Rules for writing well

I’ve just finished Michael Billig’s book Learn to Write Badly: How to Succeed in the Social Sciences and enjoyed it very much. The overall message of the book is that writers (he says social scientists, but I think this applies more widely than that) should aim for clarity and simplicity, and not try to obfuscate by inventing big new words to take the place of everyday ones.  His particular bugbear is nominalisation (note, as he does, the irony of his using that term!) and reading his book has made me very aware of how much this happens, in academic writing and in everyday life.  At the end of his book he gives six recommendations for writing:

  1. We should try to use simple language and avoid technical terms as much as possible.
  2. Try to reduce the number of passive sentences in your writing.
  3. We should try to write clausally rather than nominally:
  4. Treat all these recommendations as either guidelines or aspirations, but not as rigid rules.
  5. As social scientists, we should aim to populate our texts – to write about people rather than things.
  6. Lastly we should avoid becoming personally attached to our technical terms.1

He refers to Orwell’s six rules for writing in his essay Politics and the English Language, which are well worth remembering:

orwell

  1. Never use a metaphor, simile, or other figure of speech which you are used to seeing in print.
  2. Never use a long word where a short one will do.
  3. If it is possible to cut a word out, always cut it out.
  4. Never use the passive where you can use the active.
  5. Never use a foreign phrase, a scientific word, or a jargon word if you can think of an everyday English equivalent.
  6. Break any of these rules sooner than say anything outright barbarous.

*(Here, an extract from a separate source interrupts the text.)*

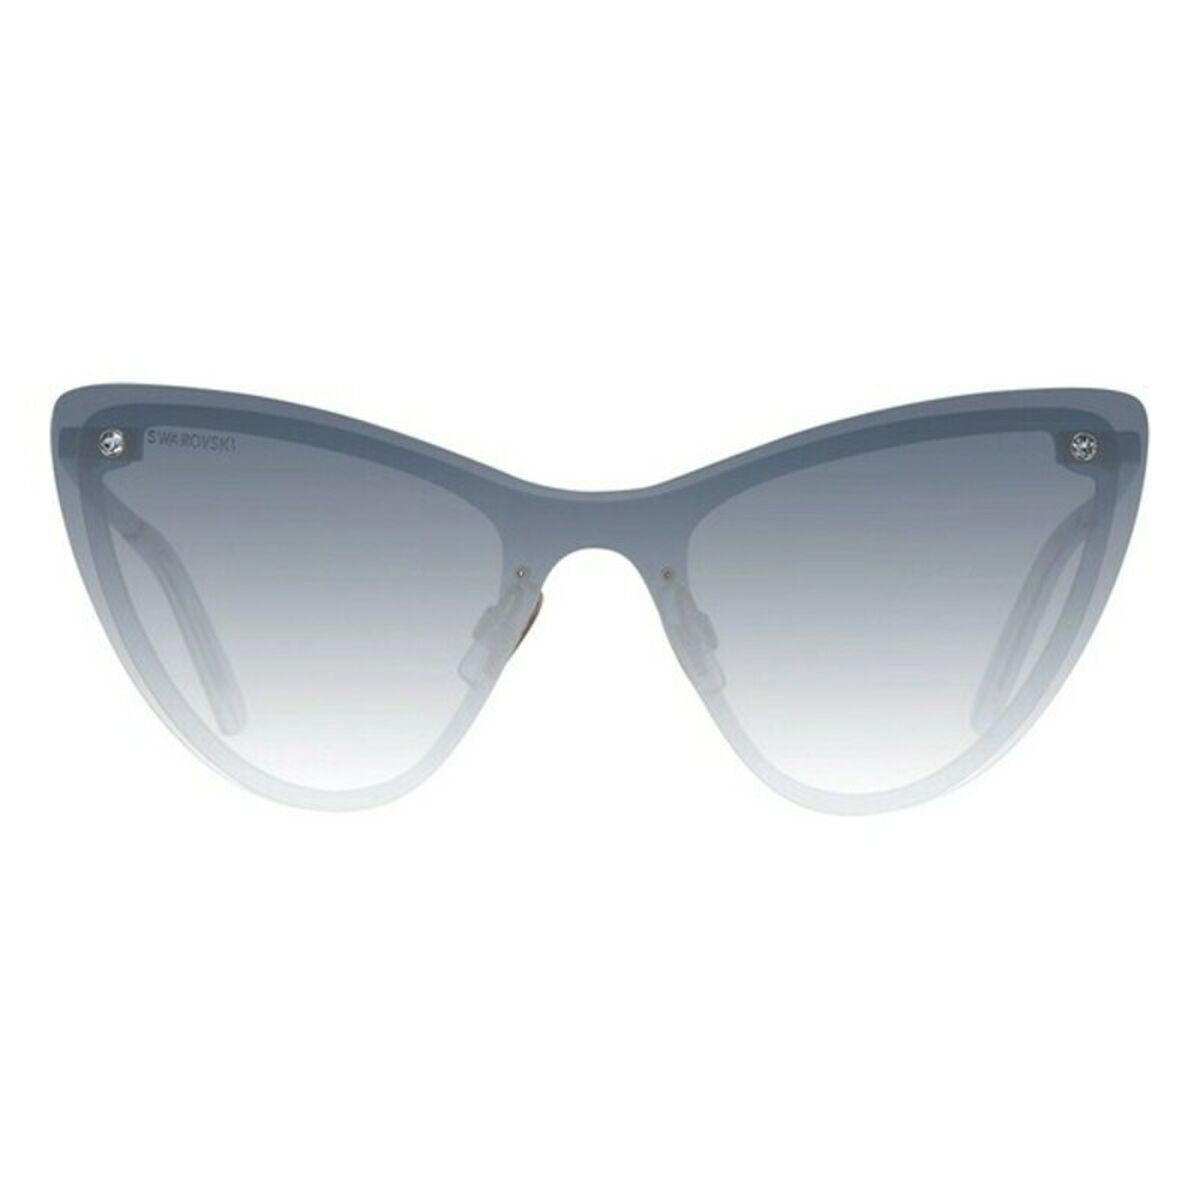 Kaufe Damensonnenbrille Swarovski SK0200-0084W bei AWK Flagship um € 71.00
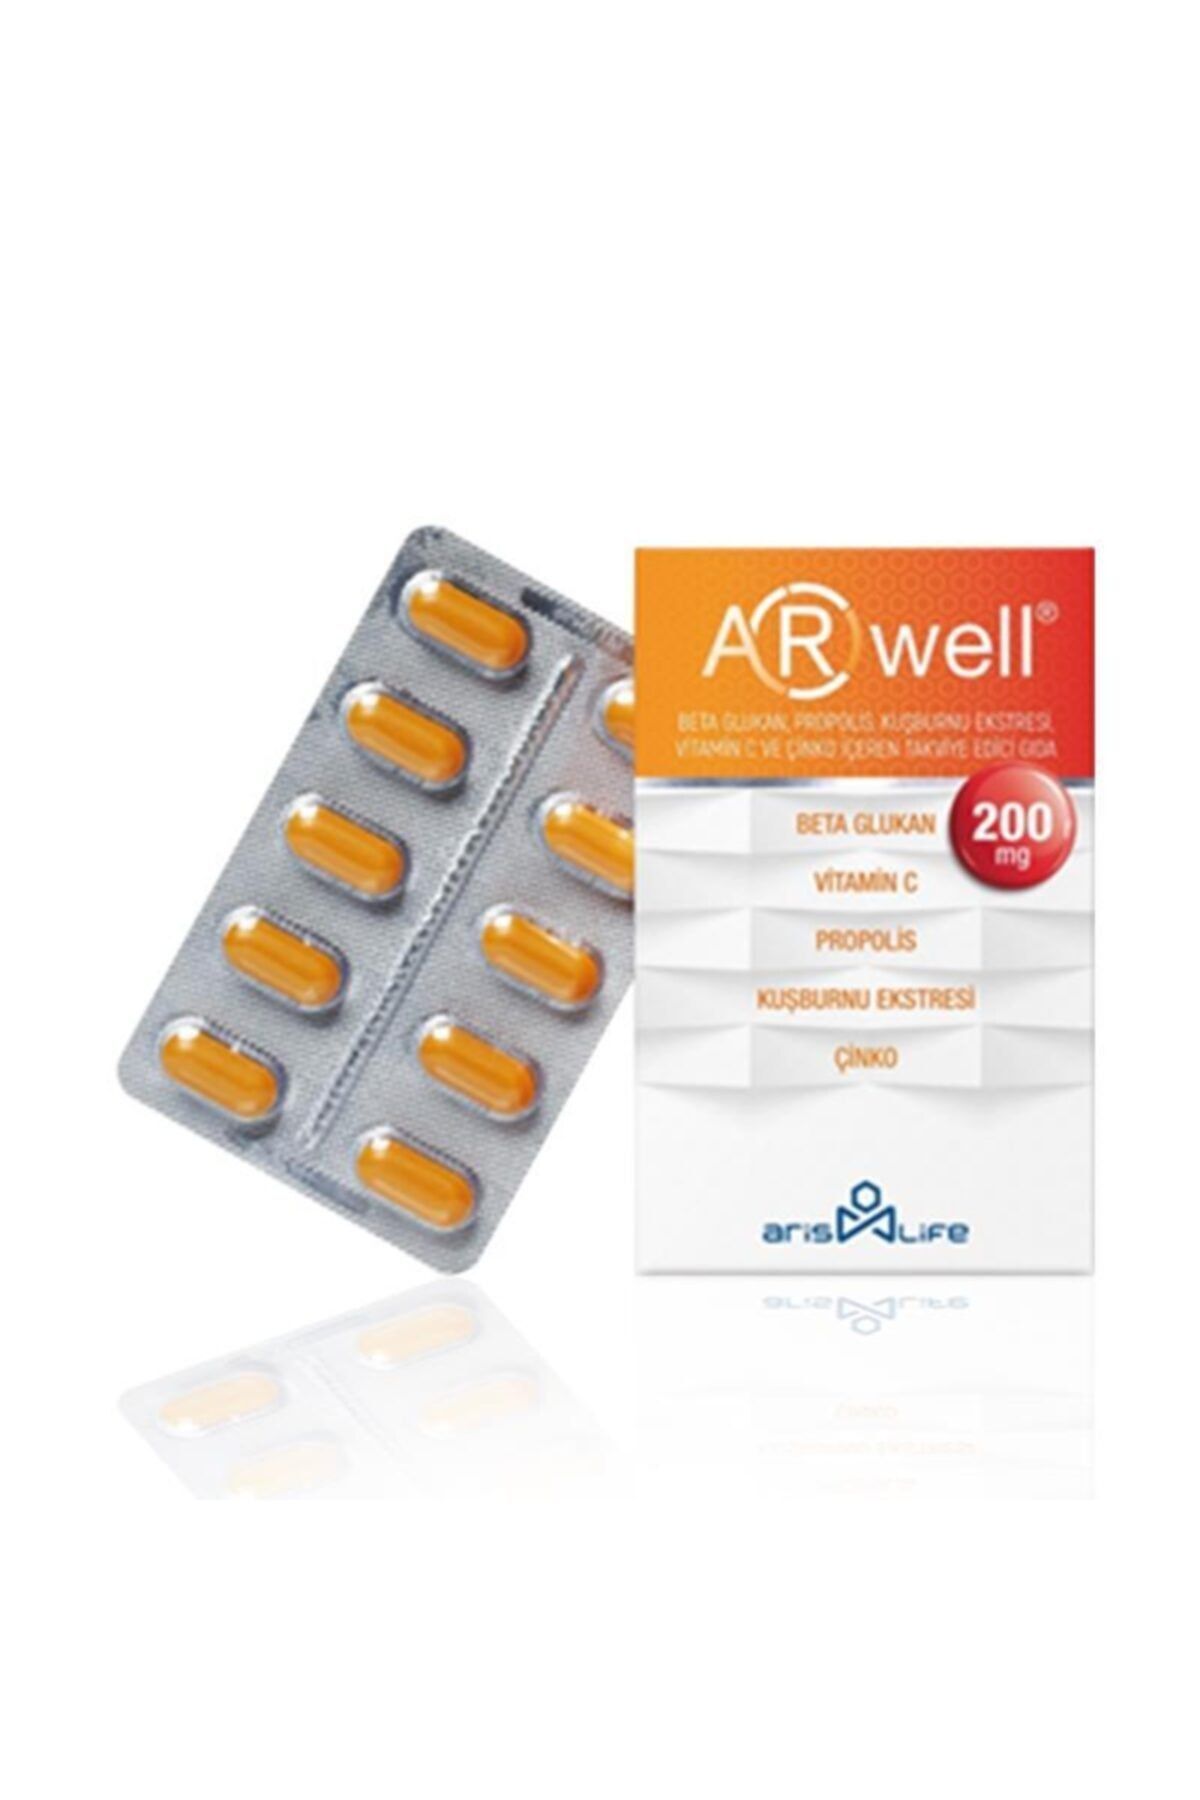 Arwell Beta Glukan - Propolis - Vitamin C - Çinko Içeren Takviye Edici Gıda 200 Mg

As I was reading Billig I was also reminded of Paul Grice’s co-operative principle, which is all about writing clearly and being relevant:

“Make your contribution such as it is required, at the stage at which it occurs, by the accepted purpose or direction of the talk exchange in which you are engaged.”2

He formulates four maxims from this, which I like:

  1. The maxim of quantity, where one tries to be as informative as one possibly can, and gives as much information as is needed, and no more.
  2. The maxim of quality, where one tries to be truthful, and does not give information that is false or that is not supported by evidence.
  3. The maxim of relation, where one tries to be relevant, and says things that are pertinent to the discussion.
  4. The maxim of manner, when one tries to be as clear, as brief, and as orderly as one can in what one says, and where one avoids obscurity and ambiguity.

These lists have a few things in common, but the one that strikes me is that these sets of rules are written by very clever people who are respected by others for writing well, and that all of them write in simple, easy to understand language.

emperorI’m reminded of the story of the Emperor’s new clothes – I’m sure I don’t need to say why 😉

Notes

1. Billig, Michael (2013-06-30). Learn to Write Badly (p. 215). Cambridge University Press. Kindle Edition.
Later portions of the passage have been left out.